Transcript of CPC Indonesia

  • 5/25/2018 CPC Indonesia

    1/10

    Tembaga Phthalocyanine (BPK) pigmen , berdasarkan warna sangat brilian, kekuatan mencat yang

    tinggi, biaya rendah dan sifat tahan luntur luar biasa, telah mnjajaki industri pewarna sejak

    pengenalan komersial mereka pada tahun 1935. Mereka akan melengkapi 70 tahun pelayanan

    berjasa sebagai pigmen yang tak tertandingi dari berbagai jenis pigmen biru dan hijau. Dalam konteks

    ini sangat tepat untuk menyajikan tinjauan singkat pada beberapa aspek yang berkaitan dengan asal mereka,

    pengembangan, mekanisme pembentukan dan rincian halus lainnya yang berkaitan dengan berbagai sifat-sifat

    Phthalocyanine

    Pada awal abad ke-20, pigmen biru yang tersedia secara komersial terutama terdiri dari Ultramarine

    biru, biru Prusia, Indigo derivatif dan beberapa turunan azo. Sayangnya tidak ada yang memiliki

    kualitas yang diinginkan dan diminta oleh industri warna. Sebagian besar dari pigmen ini memiliki

    ketahanan kimia yang rendah , tidak terlalu tahan asam atau ketahanan alkali, tidak mempunyai

    daya tahan luntur yang baik terhadap panas dan cahaya dan sublimasi yang rendah. Para ahli kimia

    warna dalam hari-hari yang membutuhkan pigmen murah dan tahan lama yang bisa mengisi wilayah

    kebiruan dari ruang warna. Penemuan copper phthalocyanine biru memberi mereka solusi yang

    memuaskan untuk masalah mereka. Pigmen Phthalocyanine terbukti menjadi pigmen organik yang

    luar biasa karena perlawanan mereka yang luar biasa terhadap serangan kimia, tahan luntur yang

    baik terhadap panas dan cahaya, dikombinasikan dengan kecerahan dan kebersihan - semua

    kualitas yang dicari oleh industri warna.

    Serendipities

    Ketika kita kembali ke masa lalu dan memilah-milah sejarah phthalocyanines, kita bisa melihat tiga

    cerita serendipity yang menarik.

    1. Pada tahun 1907, Braun dan Tchermiac mencoba untuk mensintesis o-cyanobenzamide dengan

    dehidrasi phthalamide menggunakan anhidrida asetat (Skema 1). Para ilmuwan gagal untuk

    mendapatkan produk yang diinginkan tetapi sebaliknya punya sejumlah kecil senyawa kebiruan

    terang yang kemudian dikenal sebagai Phthalocyanine logam bebas. Sayangnya, para ilmuwan gagaluntuk mengenali pentingnya penemuan mereka.

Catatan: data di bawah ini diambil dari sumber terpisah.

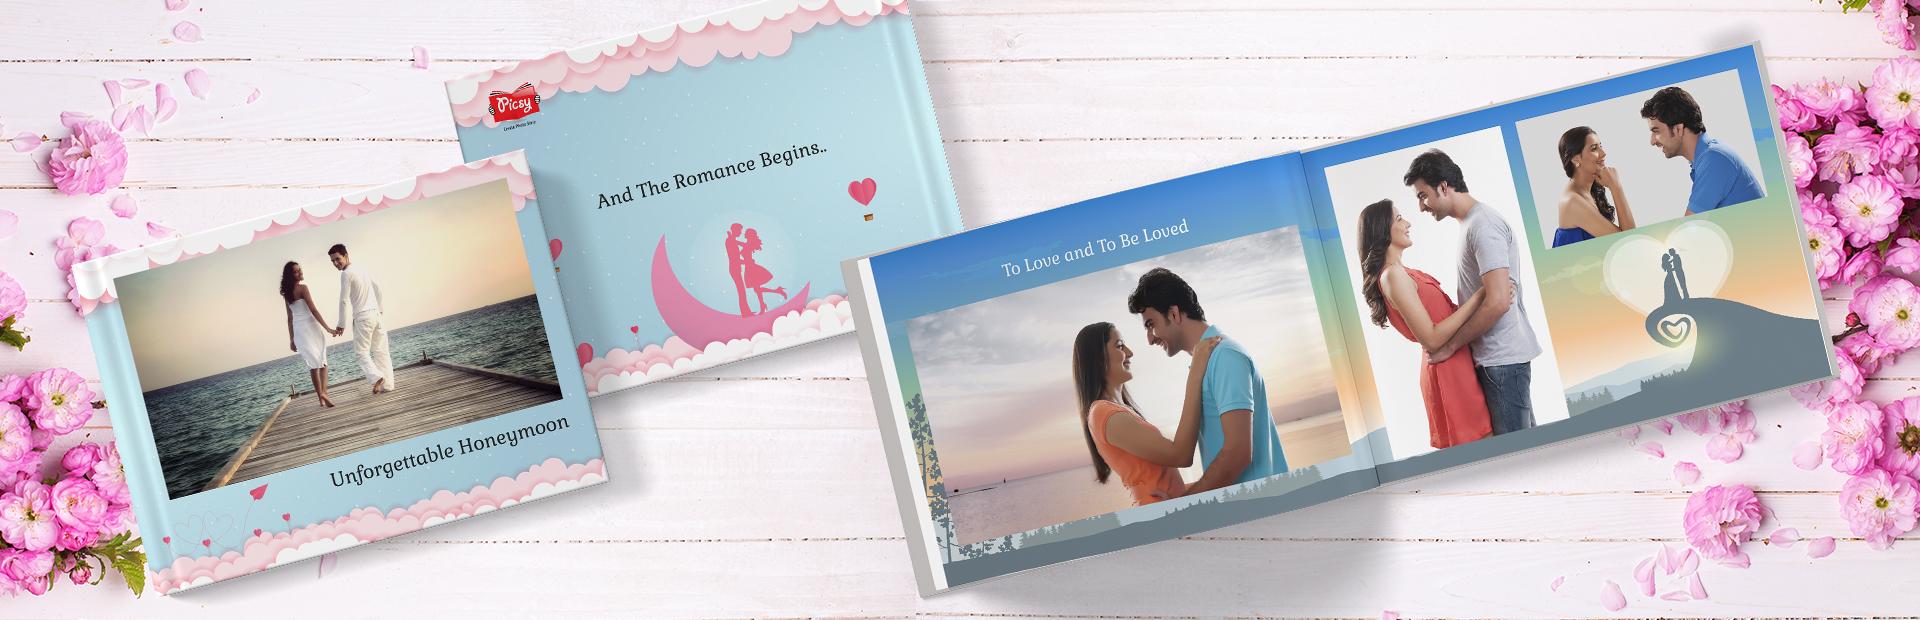 Honeymoon Memories Photo Books Online

  • 5/25/2018 CPC Indonesia

    2/10

    2. Butuh waktu 20 tahun untuk kedua sengaja disintesis dari bagian Phthalocyanine. Kimiawan dari

    Swiss yaitu Von der Weid dan de Diesbach berusaha untuk mensintesis phthalonitrile dari o-

    dibromobenzene dan sianida tembaga. Anehnya, produk yang mereka hasilkan terisolasi dari massa

    reaksi adalah kompleks tembaga biru bukan phthalonitrile (Skema 2).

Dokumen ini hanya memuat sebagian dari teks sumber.